Let $T: S \subset X \to X$ be a linear operator, where $X$ is complex normed space and $S$ a subset of $X$. Let $R_\lambda(T)$ denote $(T-\lambda I)^{-1}$. In my book, the resolvent set, $p(T)$ is defined to be the set of all $\lambda$ that satisfy the following 3 conditions:

$R_1: R_\lambda(T)$ exists.

$R_2: R_\lambda(T)$ is bounded.

$R_3: R_\lambda(T)$ is defined on a set which is dense in $X$.

Question

Doesn't $R_1$ imply $R_3$, by definition? If the inverse of a map $M:X\to Y$ exists, then $M^{-1} : Y \to X$ is obviously defined on the whole of $Y$. So if $R_\lambda(T)$ exists, then that means that $R_\lambda(T) : X \to S$ is defined on whole of $X$, which is obviously dense on $X$. What am I missing here?

Solution 1:

This is a little imprecise I guess. It depends on how existence of the inverse is defined. If $T - \lambda I:S \subseteq X \rightarrow R(T-\lambda I)$ is injective, the inverse always exists. So sometimes surjectivity is neglected. This, although not really being rigorous, sometimes occurs in literature. What is probably meant with $R_1$ is that $T-\lambda I$ is injective and $R_3$ means that $R(T - \lambda I)$ is dense. The point of this is probably the wish to extend $R_\lambda(T)$. But it confuses me a little.

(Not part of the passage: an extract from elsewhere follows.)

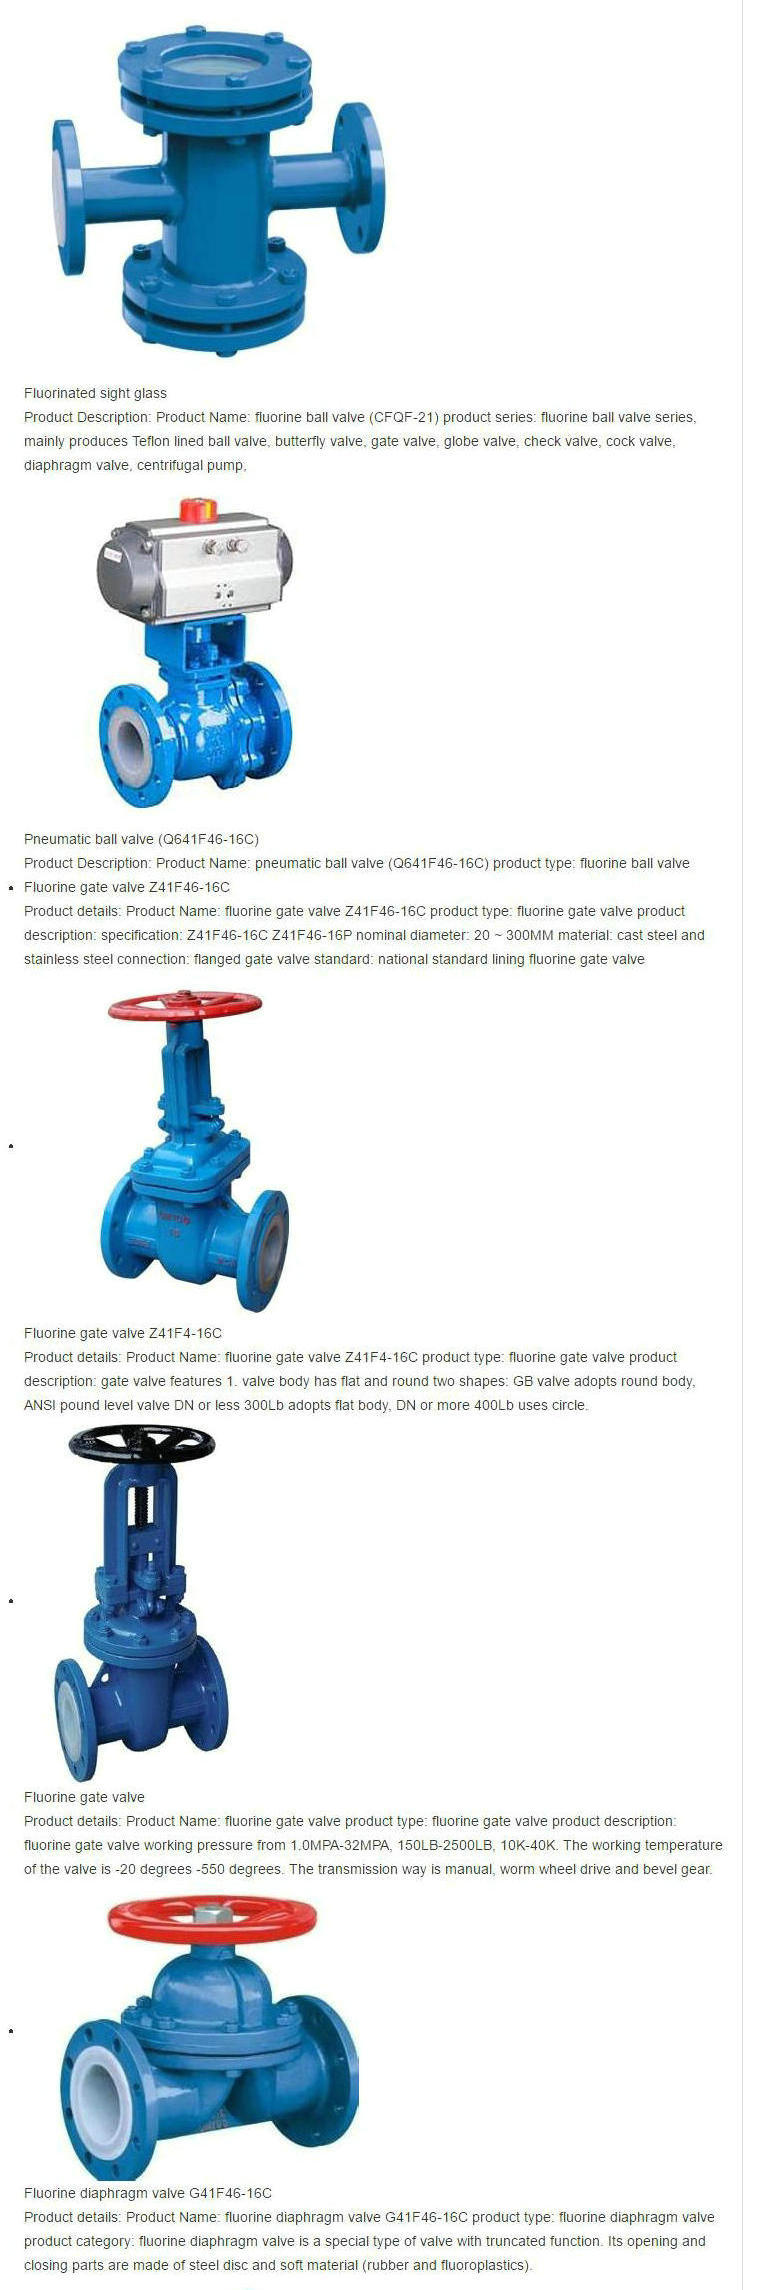 PTFE / F4 Lined Butterfly Valve (Ball Valves CS/F46, D371F4-16C, Pneumatic Q641F46-16C) for Chemical Acid Tank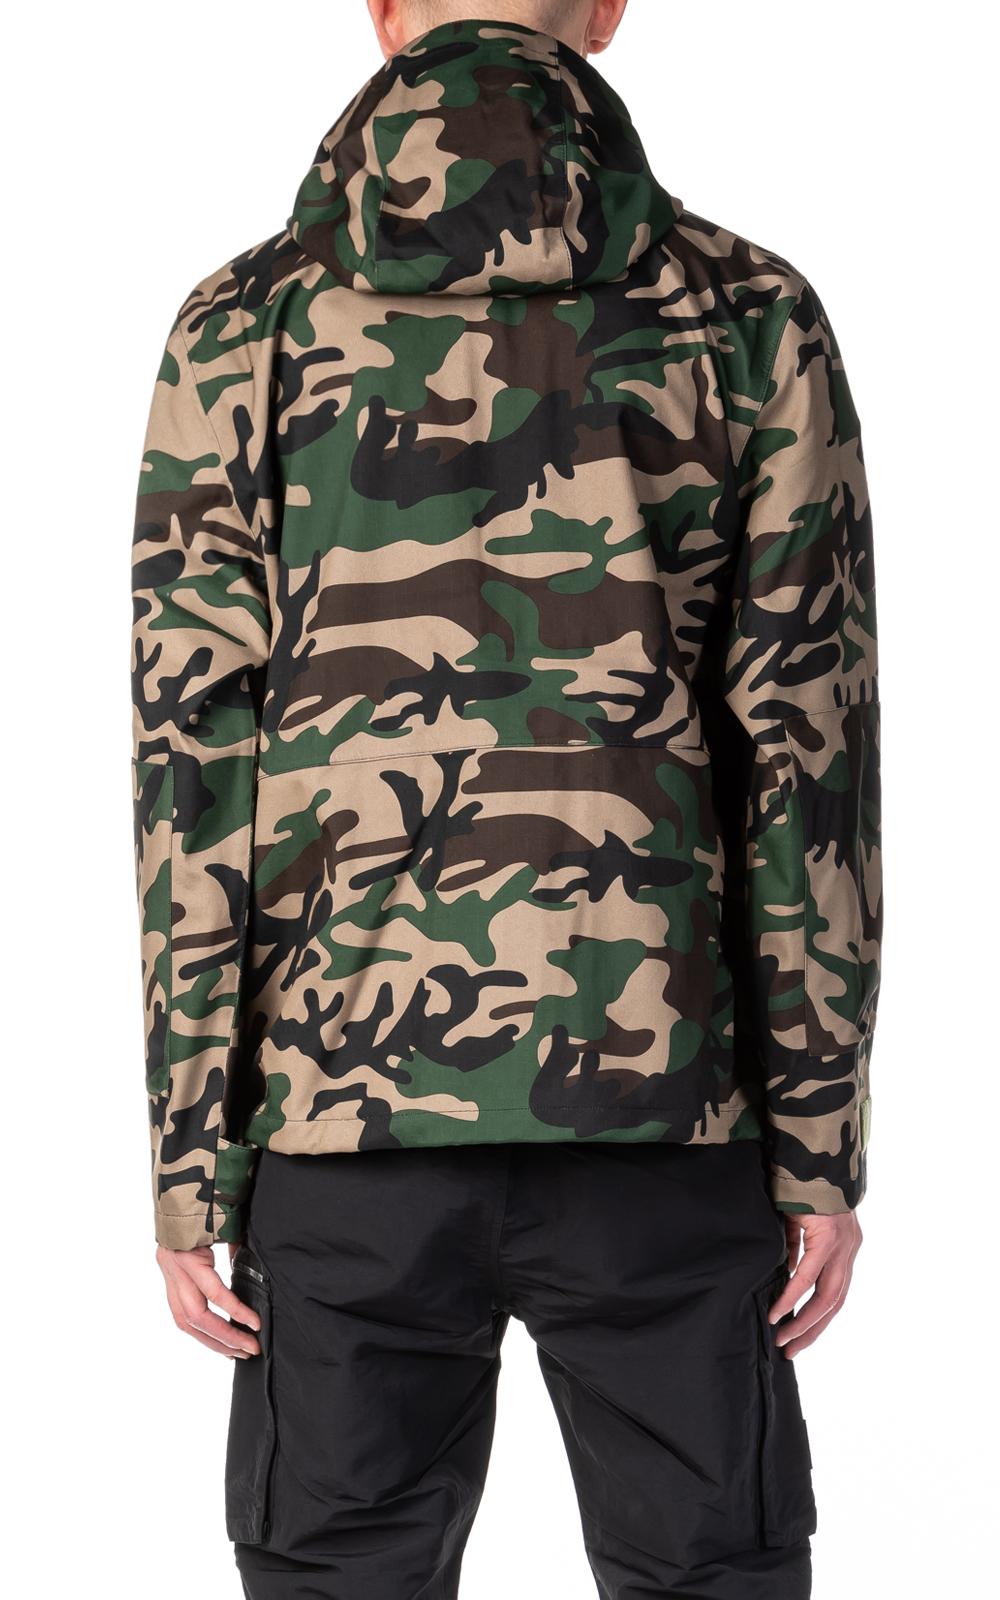 Stussy Synthetic Shell Hooded Jacket Camo for Men - Lyst

Most books just treat the case of $T: X \rightarrow X$ on a Banach space $X$. Of course the advantage is, that according to the open mapping theorem, $(T - \lambda I)$ (if it exists, and I mean injectivity and surjectivity), then $(T - \lambda I)^{-1}$ is already bounded. So you can drop $R_2$ which simplifies things.